ACTIVITY: Using the data that follows, return exactly the lines from the one that contains "Experience Postgrad Life Sciences" through the one that contains "Tiara de Corrente Banhada em Ródio Branco", ends included.

(Stored entries)

• • • • • • •

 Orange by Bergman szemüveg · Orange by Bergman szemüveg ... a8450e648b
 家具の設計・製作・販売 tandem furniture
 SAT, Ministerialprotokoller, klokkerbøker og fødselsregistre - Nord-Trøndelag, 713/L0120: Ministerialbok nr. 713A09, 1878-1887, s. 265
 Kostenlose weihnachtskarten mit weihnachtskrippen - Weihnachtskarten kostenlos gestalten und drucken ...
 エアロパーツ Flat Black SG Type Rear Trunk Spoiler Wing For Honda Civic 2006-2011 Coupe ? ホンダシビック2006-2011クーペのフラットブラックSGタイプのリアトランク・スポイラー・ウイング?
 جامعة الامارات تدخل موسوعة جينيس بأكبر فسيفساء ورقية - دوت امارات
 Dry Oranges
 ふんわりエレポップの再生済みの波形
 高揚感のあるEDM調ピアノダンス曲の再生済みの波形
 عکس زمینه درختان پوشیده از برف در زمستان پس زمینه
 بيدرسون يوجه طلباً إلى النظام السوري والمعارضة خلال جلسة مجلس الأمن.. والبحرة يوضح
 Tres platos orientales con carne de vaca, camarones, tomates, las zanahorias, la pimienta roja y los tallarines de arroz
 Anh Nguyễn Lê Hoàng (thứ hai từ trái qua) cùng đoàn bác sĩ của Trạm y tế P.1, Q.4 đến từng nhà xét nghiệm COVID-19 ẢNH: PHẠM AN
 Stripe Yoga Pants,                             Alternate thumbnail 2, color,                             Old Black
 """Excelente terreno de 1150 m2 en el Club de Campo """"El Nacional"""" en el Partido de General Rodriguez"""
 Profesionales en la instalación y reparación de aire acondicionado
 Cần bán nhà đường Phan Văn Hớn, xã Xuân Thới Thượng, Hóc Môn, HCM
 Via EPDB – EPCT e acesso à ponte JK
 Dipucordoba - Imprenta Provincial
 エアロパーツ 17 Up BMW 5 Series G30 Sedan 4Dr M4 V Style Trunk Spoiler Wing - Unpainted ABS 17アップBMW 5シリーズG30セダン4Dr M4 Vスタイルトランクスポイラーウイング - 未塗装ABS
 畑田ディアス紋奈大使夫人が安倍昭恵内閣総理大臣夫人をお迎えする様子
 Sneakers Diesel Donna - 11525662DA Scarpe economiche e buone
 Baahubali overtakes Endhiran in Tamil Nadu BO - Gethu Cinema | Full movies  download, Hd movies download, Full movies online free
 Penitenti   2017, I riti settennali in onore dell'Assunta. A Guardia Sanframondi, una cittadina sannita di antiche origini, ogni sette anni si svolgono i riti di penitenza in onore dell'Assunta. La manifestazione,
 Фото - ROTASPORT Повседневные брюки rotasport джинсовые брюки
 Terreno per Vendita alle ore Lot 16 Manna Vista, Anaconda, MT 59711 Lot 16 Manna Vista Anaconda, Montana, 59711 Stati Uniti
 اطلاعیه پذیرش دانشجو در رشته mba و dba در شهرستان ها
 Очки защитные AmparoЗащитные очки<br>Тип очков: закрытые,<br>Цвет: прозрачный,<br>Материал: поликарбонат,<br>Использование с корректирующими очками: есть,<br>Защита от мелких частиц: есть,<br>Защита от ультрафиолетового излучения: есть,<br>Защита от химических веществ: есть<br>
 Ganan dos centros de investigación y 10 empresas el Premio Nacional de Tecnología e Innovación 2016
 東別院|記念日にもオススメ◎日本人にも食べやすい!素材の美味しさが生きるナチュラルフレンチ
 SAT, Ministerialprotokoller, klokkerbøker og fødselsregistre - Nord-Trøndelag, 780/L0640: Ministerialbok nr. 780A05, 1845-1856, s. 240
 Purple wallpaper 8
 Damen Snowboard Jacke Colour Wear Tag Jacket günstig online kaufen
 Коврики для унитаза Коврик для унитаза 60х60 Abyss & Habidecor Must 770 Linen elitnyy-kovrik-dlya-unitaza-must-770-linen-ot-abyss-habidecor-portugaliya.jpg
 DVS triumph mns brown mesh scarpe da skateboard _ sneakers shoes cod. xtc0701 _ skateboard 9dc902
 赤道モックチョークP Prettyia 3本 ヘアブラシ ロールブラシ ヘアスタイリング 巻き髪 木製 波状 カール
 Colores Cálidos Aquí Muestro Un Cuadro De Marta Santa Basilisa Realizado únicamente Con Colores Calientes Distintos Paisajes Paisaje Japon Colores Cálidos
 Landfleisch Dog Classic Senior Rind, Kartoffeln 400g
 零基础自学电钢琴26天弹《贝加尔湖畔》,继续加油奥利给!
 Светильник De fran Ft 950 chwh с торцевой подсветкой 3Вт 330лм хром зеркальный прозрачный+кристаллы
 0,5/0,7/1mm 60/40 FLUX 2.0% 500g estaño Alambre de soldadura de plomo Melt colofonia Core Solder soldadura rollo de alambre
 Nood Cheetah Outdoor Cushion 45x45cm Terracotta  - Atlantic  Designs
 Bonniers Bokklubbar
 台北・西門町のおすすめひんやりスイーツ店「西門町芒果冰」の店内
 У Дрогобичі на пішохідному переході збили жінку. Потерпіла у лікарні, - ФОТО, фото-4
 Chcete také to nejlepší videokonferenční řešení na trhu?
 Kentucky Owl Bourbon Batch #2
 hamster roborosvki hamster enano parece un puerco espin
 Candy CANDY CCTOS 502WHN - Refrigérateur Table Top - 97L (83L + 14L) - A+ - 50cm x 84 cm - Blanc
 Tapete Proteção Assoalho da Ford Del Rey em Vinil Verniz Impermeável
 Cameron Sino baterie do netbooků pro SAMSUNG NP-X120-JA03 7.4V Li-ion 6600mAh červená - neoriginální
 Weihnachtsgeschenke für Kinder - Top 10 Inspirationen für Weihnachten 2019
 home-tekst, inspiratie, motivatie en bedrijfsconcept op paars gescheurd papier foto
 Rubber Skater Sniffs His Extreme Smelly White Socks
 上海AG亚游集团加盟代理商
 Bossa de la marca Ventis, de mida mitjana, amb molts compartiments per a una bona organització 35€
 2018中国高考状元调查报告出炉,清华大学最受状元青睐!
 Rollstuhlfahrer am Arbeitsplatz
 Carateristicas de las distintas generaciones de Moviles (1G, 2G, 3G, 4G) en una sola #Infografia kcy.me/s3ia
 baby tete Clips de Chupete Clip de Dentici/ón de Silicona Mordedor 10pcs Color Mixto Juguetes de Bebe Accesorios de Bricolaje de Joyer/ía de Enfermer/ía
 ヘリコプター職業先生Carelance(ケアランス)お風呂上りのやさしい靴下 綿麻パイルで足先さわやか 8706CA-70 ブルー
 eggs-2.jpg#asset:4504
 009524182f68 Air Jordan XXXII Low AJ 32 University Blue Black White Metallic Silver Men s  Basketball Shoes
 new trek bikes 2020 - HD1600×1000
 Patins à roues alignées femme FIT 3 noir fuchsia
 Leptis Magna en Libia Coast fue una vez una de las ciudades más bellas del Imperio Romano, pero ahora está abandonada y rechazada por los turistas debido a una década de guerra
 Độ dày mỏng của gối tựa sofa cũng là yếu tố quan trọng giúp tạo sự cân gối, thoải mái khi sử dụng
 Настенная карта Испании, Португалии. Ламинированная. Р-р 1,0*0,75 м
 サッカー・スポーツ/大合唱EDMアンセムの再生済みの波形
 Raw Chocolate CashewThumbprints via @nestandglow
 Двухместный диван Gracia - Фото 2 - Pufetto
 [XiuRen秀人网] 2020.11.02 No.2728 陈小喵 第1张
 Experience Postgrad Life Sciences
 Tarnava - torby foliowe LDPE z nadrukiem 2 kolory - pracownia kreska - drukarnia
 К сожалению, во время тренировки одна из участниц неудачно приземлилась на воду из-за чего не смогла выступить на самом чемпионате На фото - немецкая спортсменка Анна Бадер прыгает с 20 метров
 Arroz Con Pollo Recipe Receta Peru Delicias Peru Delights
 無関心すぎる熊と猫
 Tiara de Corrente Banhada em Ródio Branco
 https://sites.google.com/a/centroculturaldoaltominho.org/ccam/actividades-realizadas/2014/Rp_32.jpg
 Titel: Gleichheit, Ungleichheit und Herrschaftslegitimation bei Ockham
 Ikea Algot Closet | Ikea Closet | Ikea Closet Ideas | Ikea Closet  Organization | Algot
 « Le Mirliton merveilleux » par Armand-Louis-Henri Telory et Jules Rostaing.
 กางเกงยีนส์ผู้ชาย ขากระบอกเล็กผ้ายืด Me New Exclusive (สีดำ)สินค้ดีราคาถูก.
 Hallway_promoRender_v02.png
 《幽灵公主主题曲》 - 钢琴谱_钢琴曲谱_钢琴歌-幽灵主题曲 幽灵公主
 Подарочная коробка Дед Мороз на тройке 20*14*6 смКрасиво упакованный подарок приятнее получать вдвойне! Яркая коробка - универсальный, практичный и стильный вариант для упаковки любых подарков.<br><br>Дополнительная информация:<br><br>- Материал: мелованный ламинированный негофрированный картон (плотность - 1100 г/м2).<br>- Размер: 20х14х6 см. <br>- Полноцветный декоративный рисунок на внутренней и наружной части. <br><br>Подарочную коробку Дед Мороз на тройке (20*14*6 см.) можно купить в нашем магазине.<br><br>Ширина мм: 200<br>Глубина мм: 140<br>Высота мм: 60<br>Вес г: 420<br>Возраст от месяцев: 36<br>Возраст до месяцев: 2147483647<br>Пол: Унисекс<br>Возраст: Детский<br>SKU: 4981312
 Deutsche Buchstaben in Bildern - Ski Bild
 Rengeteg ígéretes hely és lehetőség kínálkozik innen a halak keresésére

• • • • • • •

RESPONSE TO THIS TASK:
 Experience Postgrad Life Sciences
 Tarnava - torby foliowe LDPE z nadrukiem 2 kolory - pracownia kreska - drukarnia
 К сожалению, во время тренировки одна из участниц неудачно приземлилась на воду из-за чего не смогла выступить на самом чемпионате На фото - немецкая спортсменка Анна Бадер прыгает с 20 метров
 Arroz Con Pollo Recipe Receta Peru Delicias Peru Delights
 無関心すぎる熊と猫
 Tiara de Corrente Banhada em Ródio Branco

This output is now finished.